The aerospace and aviation industry require regular inspections of jet engine compressor and turbine blades to identify defects in an effort to delay expensive part replacement and prevent massive engine failure. Not surprisingly, the blades must often meet stringent and high tolerance demands imposed upon them.
Blades are designed to generate the maximum power and efficiency at the minimum weight and cost. Any shape variation from the original design can significantly impact efficiency and fuel consumption and, in certain situations, cause blade failure.
MRO inspection challenges
The ability to quickly access blade geometry can have significant impact on the performance, and repair cost in a maintenance environment. Blades are one of the most highly stressed components in a turbine or compressor. Their weight and high speed applications make them subject to tremendous centrifugal forces. Additionally, the harsh environmental conditions of temperature and pressure after long service hours can result in corrosion, erosion, distortion, and loss of the original component shape and dimensions.
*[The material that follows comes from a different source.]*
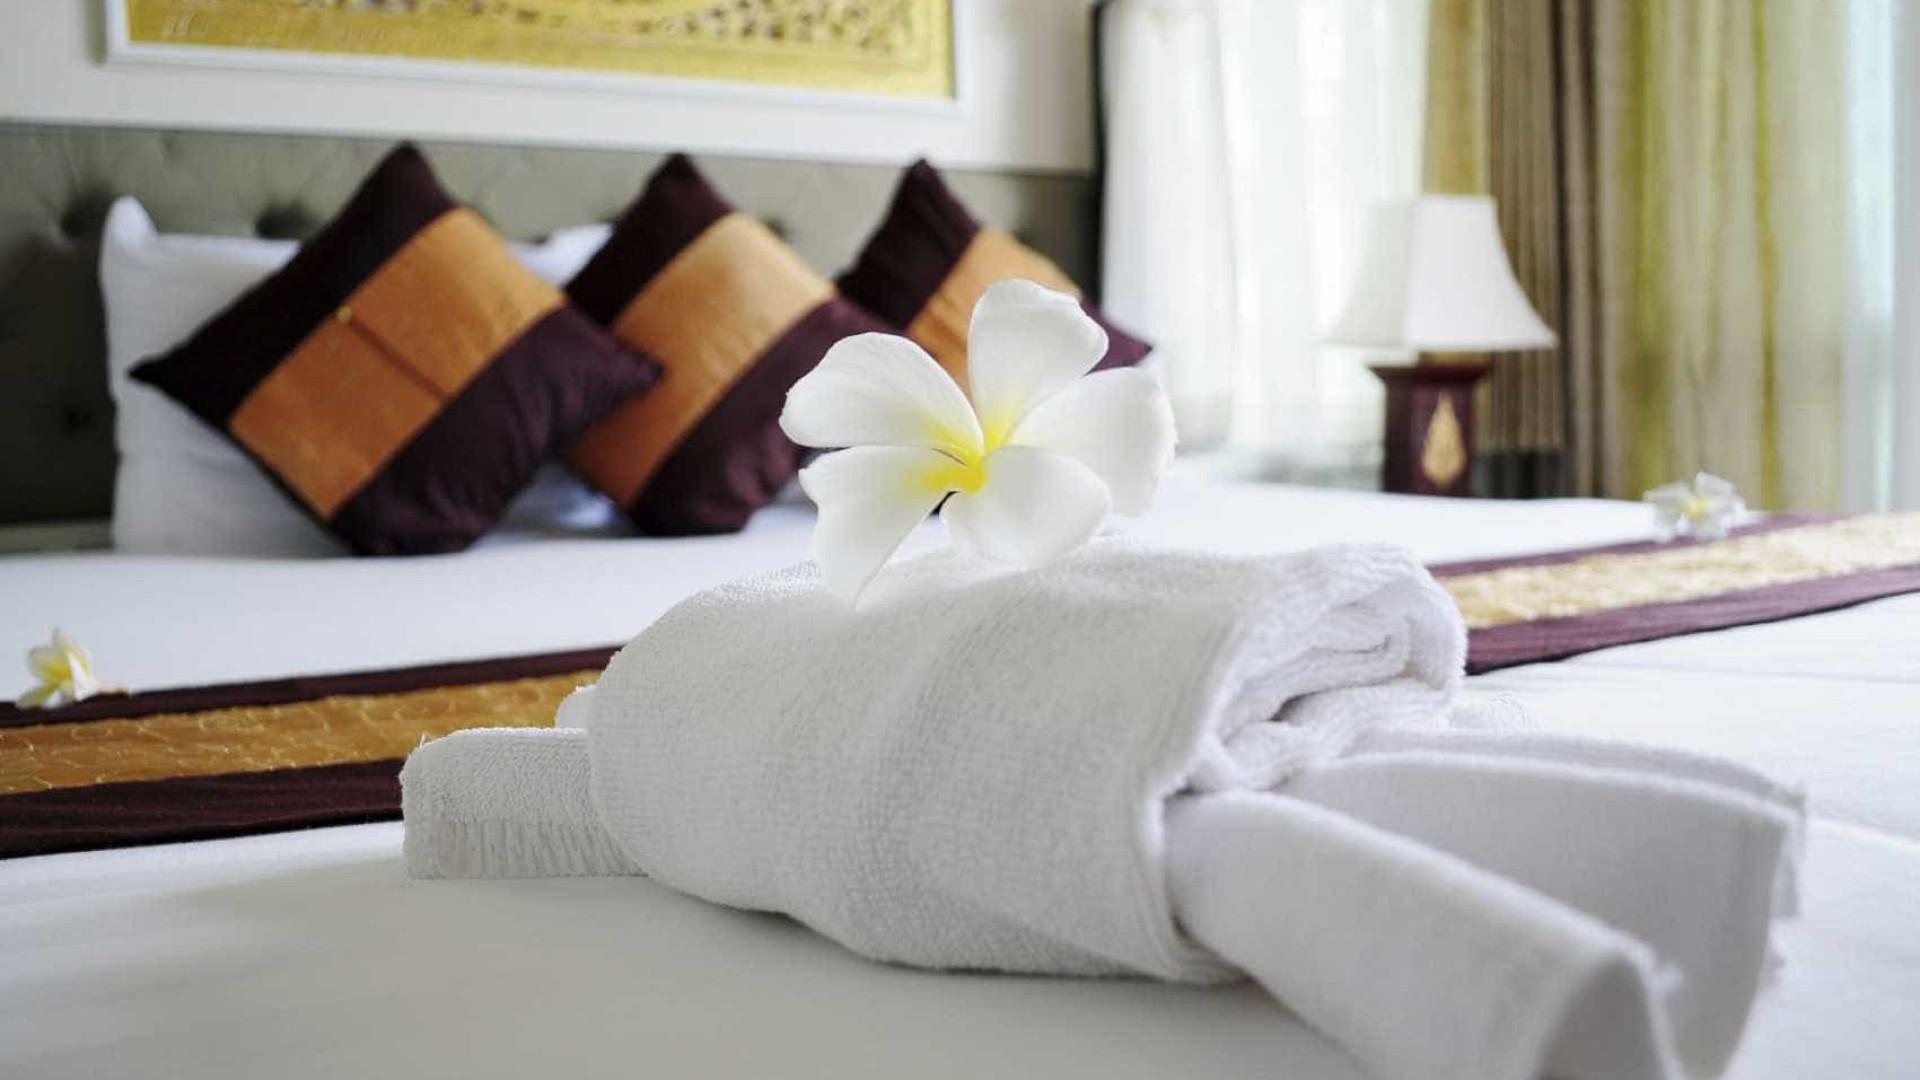 Crescimento na hotelaria mantém desaceleração em agosto

To combat these conditions, turbine designers and engineers have devised effective defenses to protect their turbine blades. These include using strong exotic materials capable of withstanding high temperatures — such as nickel and cobalt based metal alloys — while innovative blade airfoil designs have improved the defenses against corrosive properties. In addition, several effective defensive coatings have been added as “armor” for the blades.
Rust never sleeps?
Every turbine engine uses fuel contaminated with sulfur. Sulfur corrosion is similar to rust resulting from oxidation of ferrous-based metals. Just as there is no way to eradicate rust-producing moisture, no one has ever designed a filter to purify turbine engine air intake completely. And once sulfur corrosion penetrates the blade’s protective layer and reaches the base metal, there is no way to reverse the process.
If the aircraft is operated near a saltwater source, the likelihood of severe damage dramatically increases. The same is true for aircraft operating near high pollution risk areas where the aircraft’s engine may intake contaminants from airborne particles.
Blade deterioration usually affects the blades in the following ways — blade edge, affecting chord length; blade thickness variation; and blade twist — the variation in twist from root to tip. Consequently, accurate measurements and analysis of airfoil section and root parameters are important in blade inspection, and yet complicated. Another critical form to inspect is the leading edge and trailing edge profiles.
The service technician and inspector are called upon to collect and analyze the intelligence data and physical evidence to determine the condition of the blades and develop a strategic plan of defense.
While there are only limited things a pilot or mechanic can do to prevent the sulfidation attacks on the turbines, just being aware of the turbine’s vulnerability can justify shortening maintenance intervals.
Meanwhile, the MRO blade industry is continuously seeking high accuracy inspection, higher blade measurement speed, and minimized requirements from the operator — in an effort to extend operating intervals and keep maintenance and inspection costs to a minimum.
Today, mechanical touch probes on coordinate measuring machines (CMM) and mechanical profile gauges are the most common sensors employed for blade inspection, and most blade measurements today are based on this design. However, the amount of useful data that can be collected using the mechanical touch probe or a gauge is somewhat limited both in terms of hardware and measurement software.